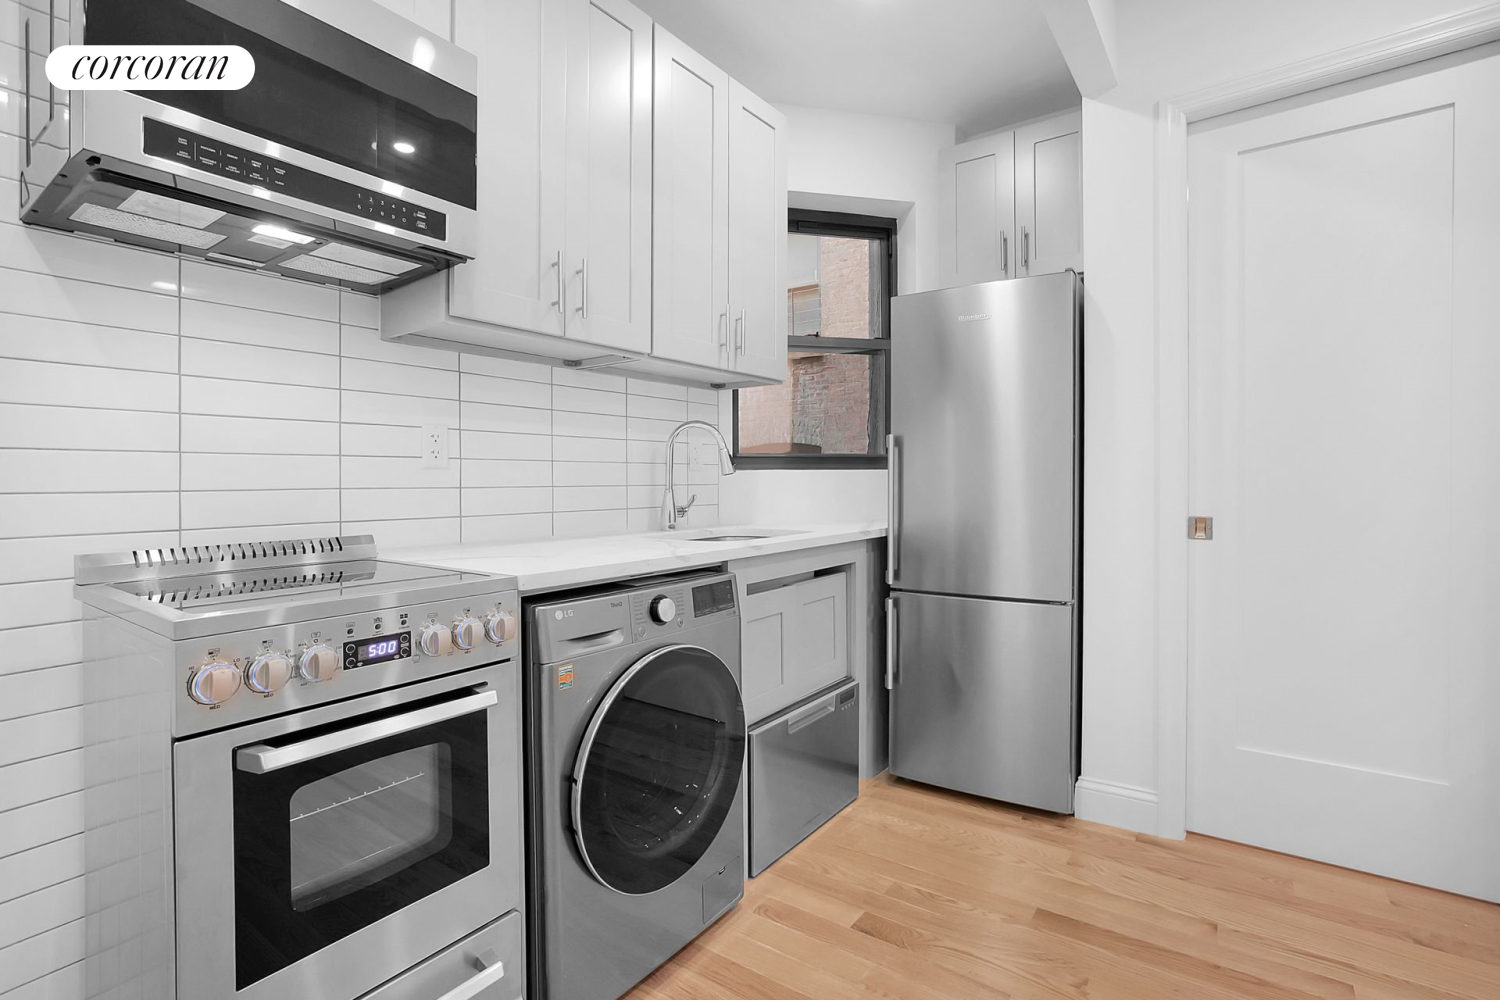 542 East 82nd Street 8, Yorkville, Upper East Side, NYC - 3 Bedrooms  
1 Bathrooms  
4 Rooms - 
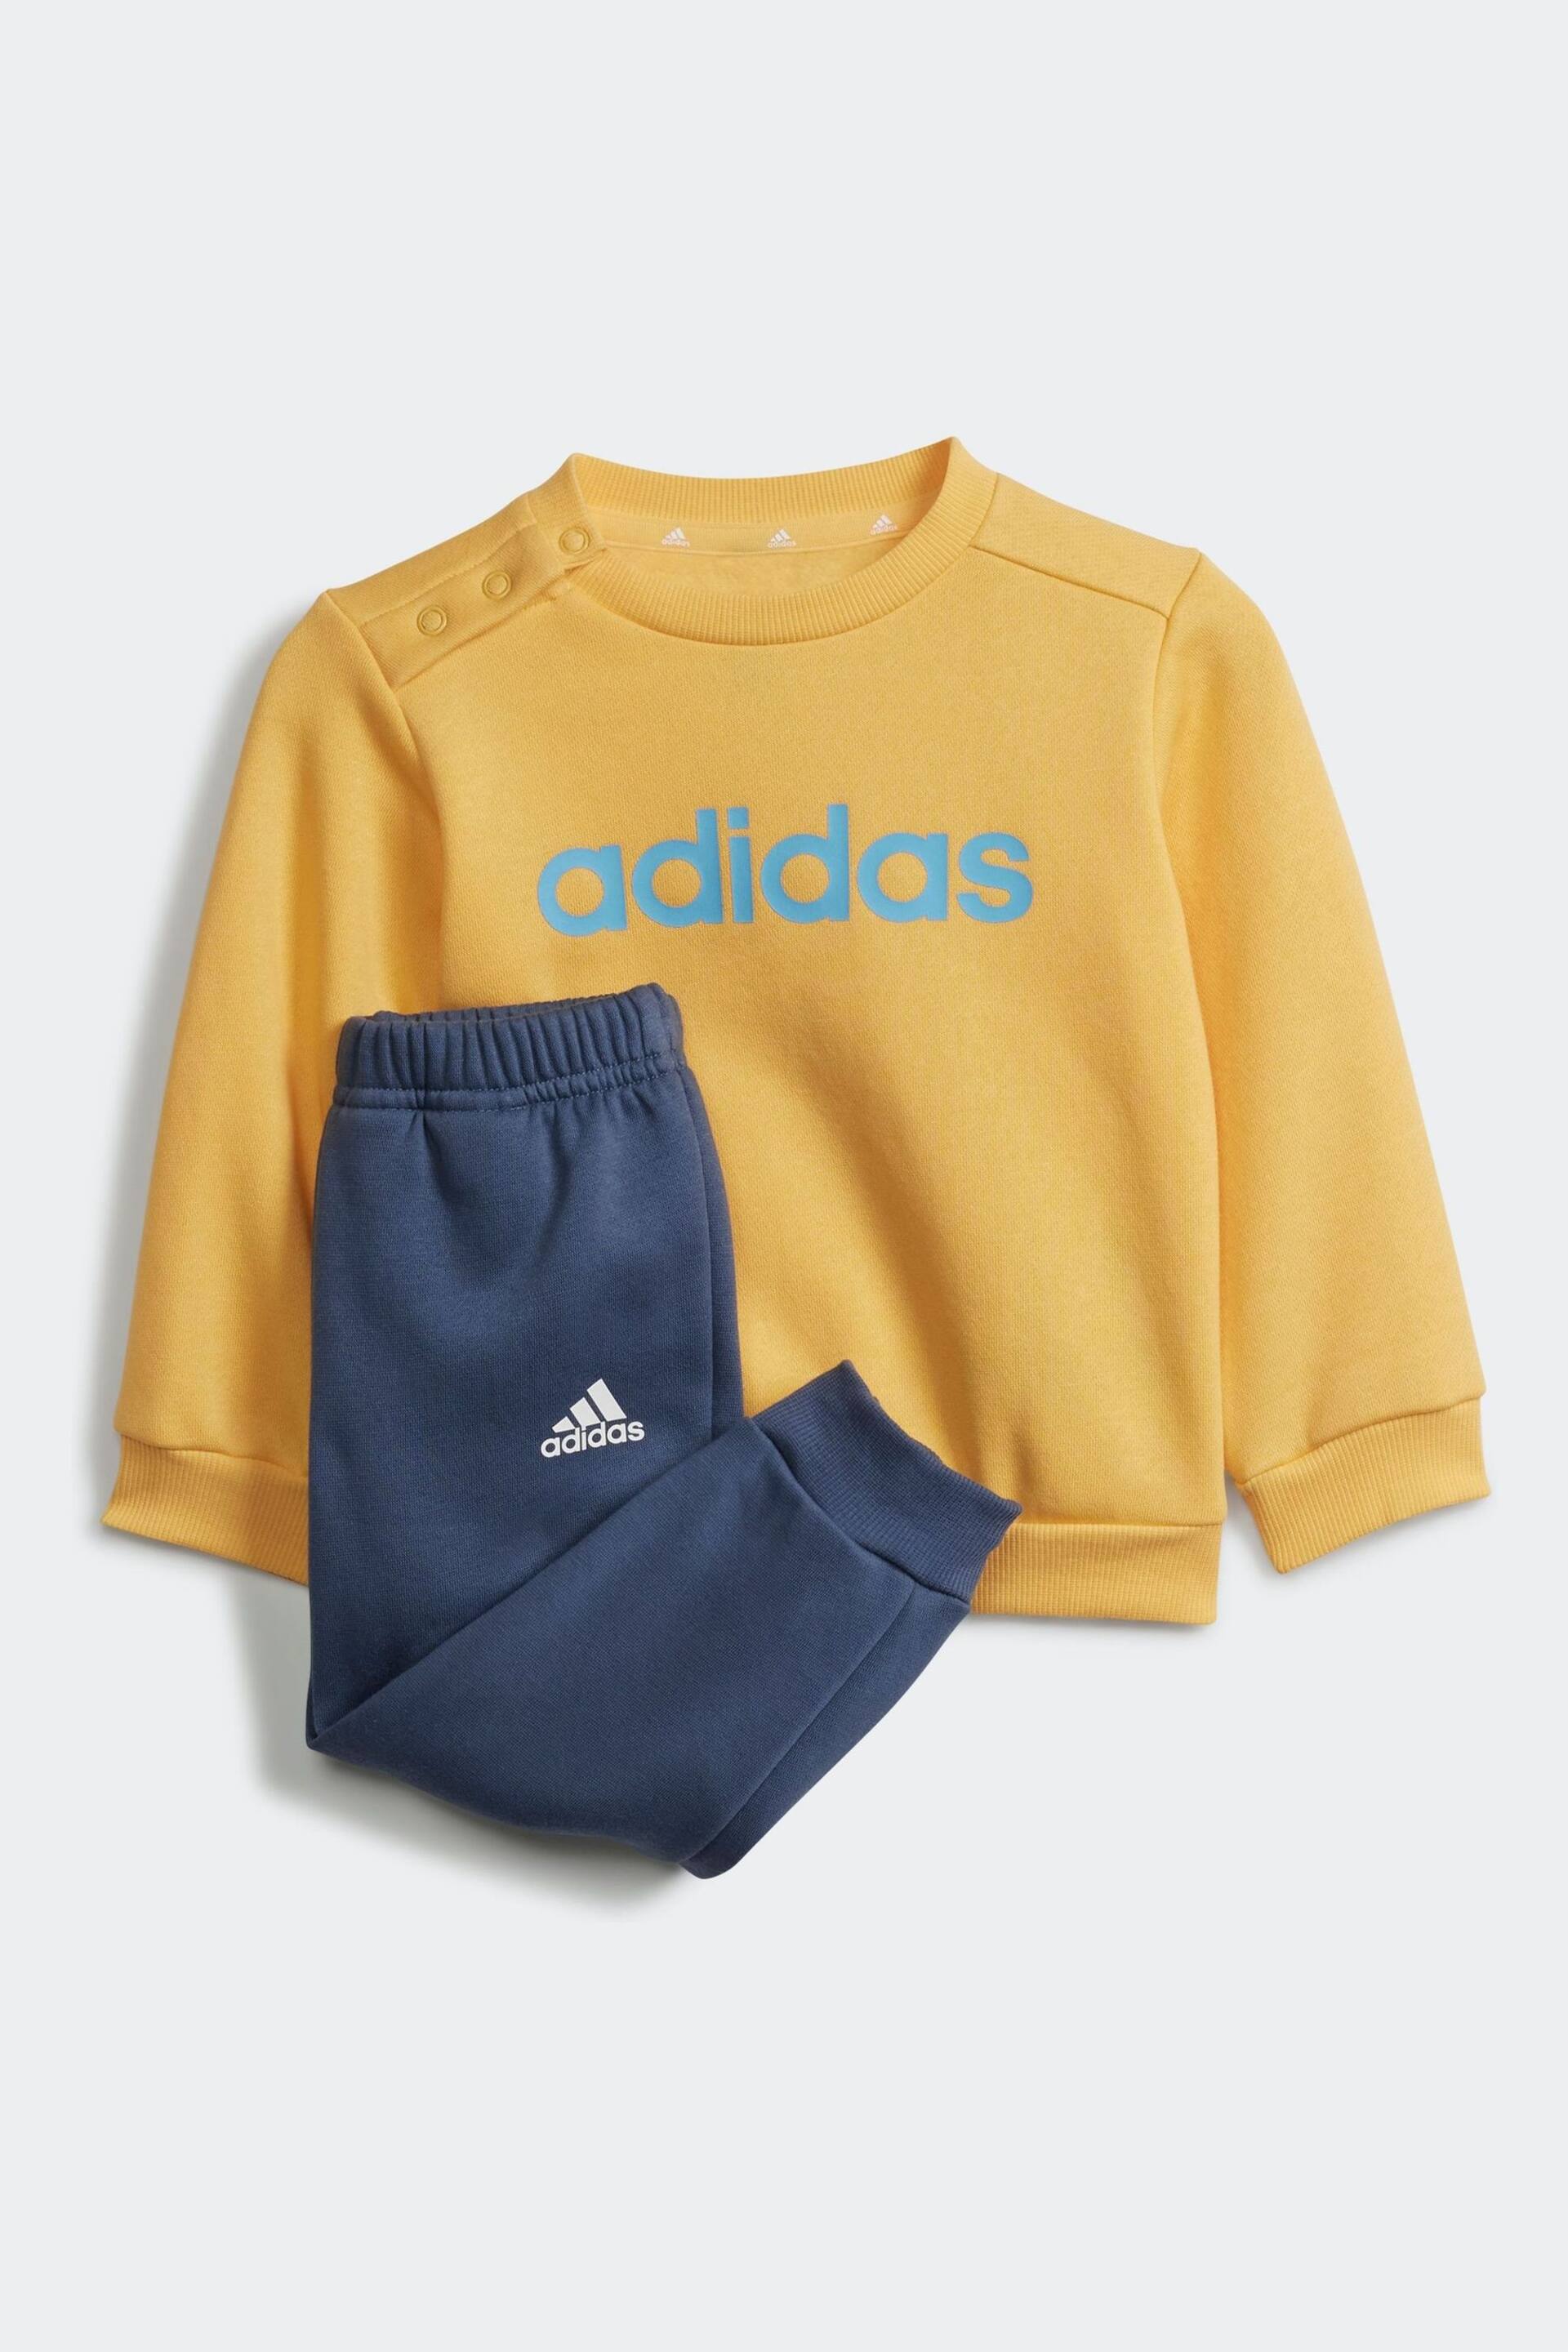 adidas Yellow/Blue Sportswear Essentials Lineage Joggers Set - Image 1 of 6

• • • • • • •

◆ **Goal of the exercise**: Print verbatim every line above, apart from the pictures.

◆ **Solution for this problem**:
 542 East 82nd Street 8, Yorkville, Upper East Side, NYC - 3 Bedrooms  
1 Bathrooms  
4 Rooms - 
 adidas Yellow/Blue Sportswear Essentials Lineage Joggers Set - Image 1 of 6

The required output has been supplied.